Proper adjustment of a receiver shank on my Yukon XL

Busterbrown

Original poster
Member
Dec 4, 2011
253
I'm new to towing larger trailers and want to make sure that I'm equipped correctly when I take delivery of a my new travel trailer. Found an ultra lite trailer that weighs in dry around 5500lbs, tongue weight is 640 . I've already purchased a Eaz-Lift weight distributing hitch kit that includes a hi-low shank, spring bars, and sway bar. (rated for 10,000 lbs GWR / 1,000 lbs-TW).

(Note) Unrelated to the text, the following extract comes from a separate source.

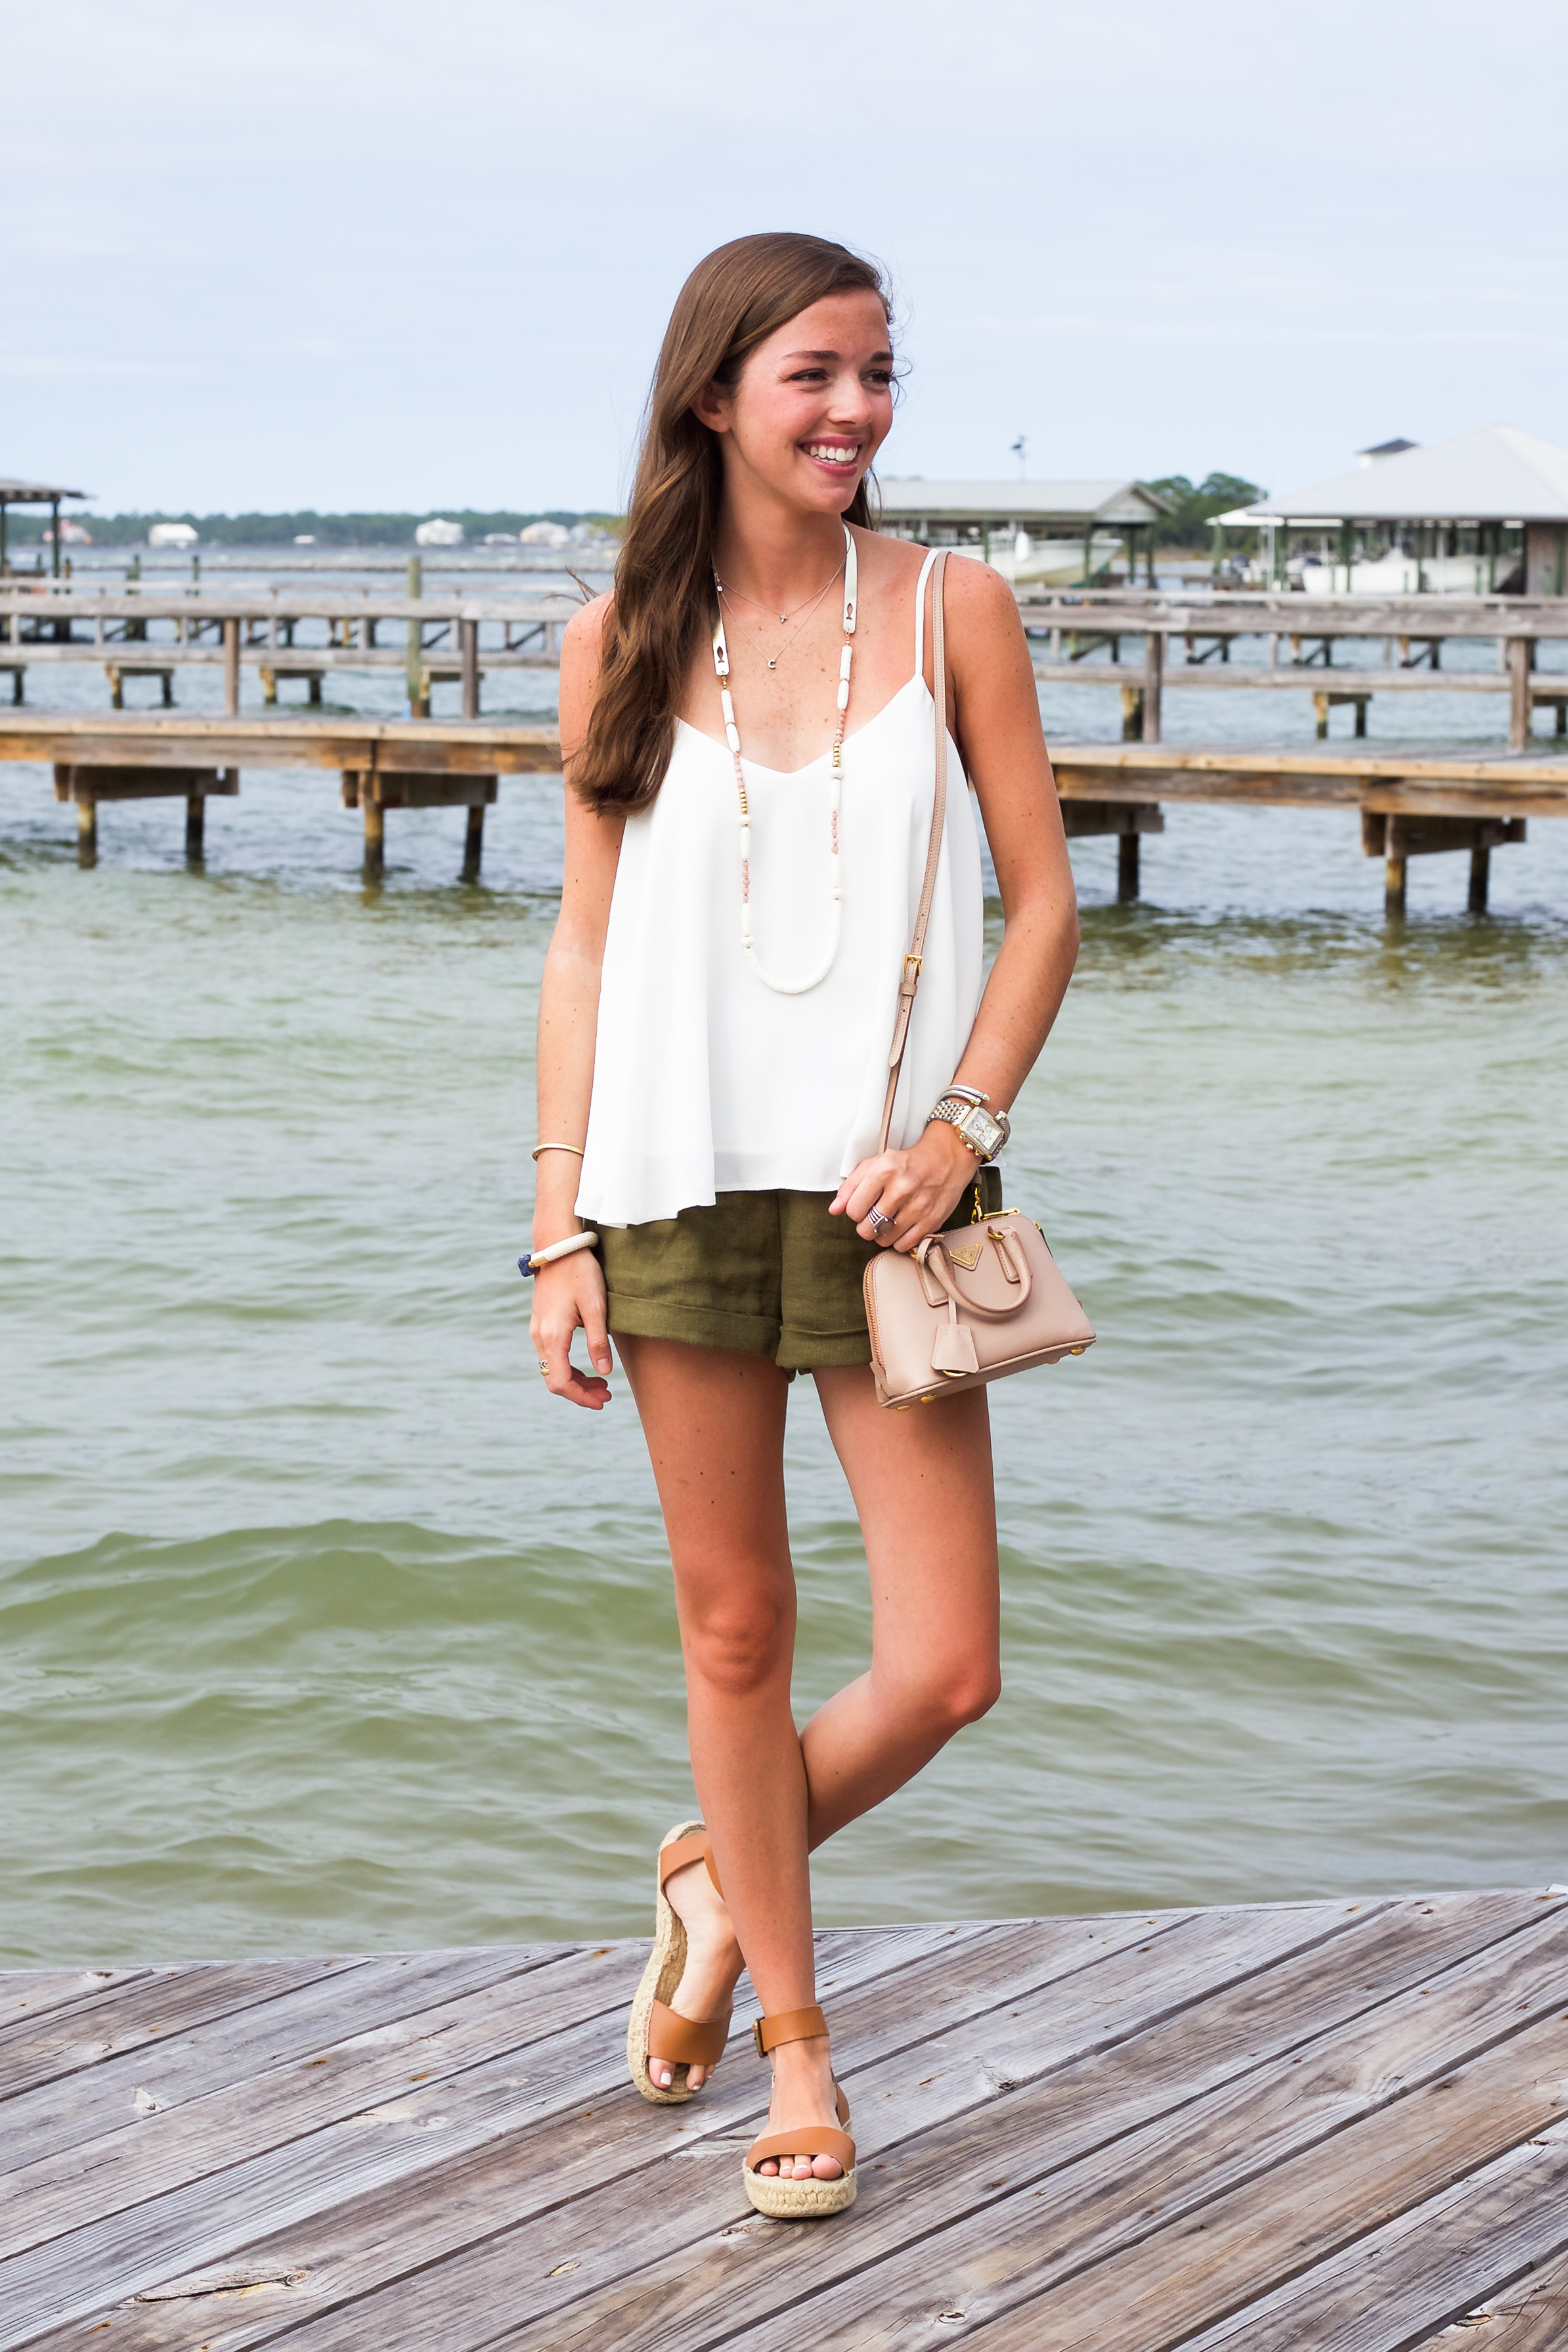 fashion blogger lcb style beach soludos topshop (7 of 21).jpg

http://amzn.com/B005SB6S3Y

Before I venture out and pick up the unit, I'm looking for advice on how to properly set up the height on the hi-low shank. Is it best practice is align the top of the wd hitch ball to the top of the trailer's tongue coupler prior to setting the coupler on the ball? Should I then raise or lower the adjustable ball mount accordingly to make the trailer level to the ground?
 

gmcman

Member
Dec 12, 2011
4,658
I believe the rule of thumb is 17 inches to bottom of 2" opening. If your TT tongue sits level at 17" then that's a 2" drop, even with bottom of receiver hitch opening.

As far as loading, you need to check on level ground and the TT should be level when connected, or pretty close to level.

Watch a few videos or have a shop that installs hitches to help you with your WD hitch if you have never used one.
 

DocBrown

Member
Dec 8, 2011
501
You're actually going to want the "deck" of the ball mount to be about 1 1/2 - 2 inches above the trailer tongue at level height. Dry weight is a myth, as is the listed tongue weight. When loaded you'll be closer to 6500# (use the GVWR of the trailer) and figuring an average of 13% tongue weight, the tongue will be closer to 850# when the trailer is loaded to camp. That said the back of your Yukon will drop at least 2 inches when you drop the dead weight of the tongue on it.

Measure the height of the front fender at the center of the wheel before putting the trailer on. Drop the trailer on, but do not put the WD hitch on yet. Measure the front fender again. The WDH needs to be adjusted so that you bring the front end back down to stock height. This restores the steering control. You will still have some rear squat, that's normal. In other words don't kill yourself trying to bring the rear back up. My Sierra is about 1 1/2 inches lower hooked up than stock. Once this is done you may need to adjust the height of the ball again to level the trailer a bit. And remember, the trailer slight down in front is better than slightly up.
 

stickypoop

Member
Oct 14, 2014
872
Your RV dealer (it sounds like you're buying brand new) should be more than willing to take you through the setup process when you go pick it up
 

Johnnyringo

Member
Sep 9, 2016
14
Detroit, MI
Having just gone thru this exercise, the best advice I got was to measure the trailer (frame to ground) in the front and rear. The front should be at least 1" lower than the rear. Mine was too high and the trailer wandered and the load on the rear trailer tires was way too much. Hope this helps.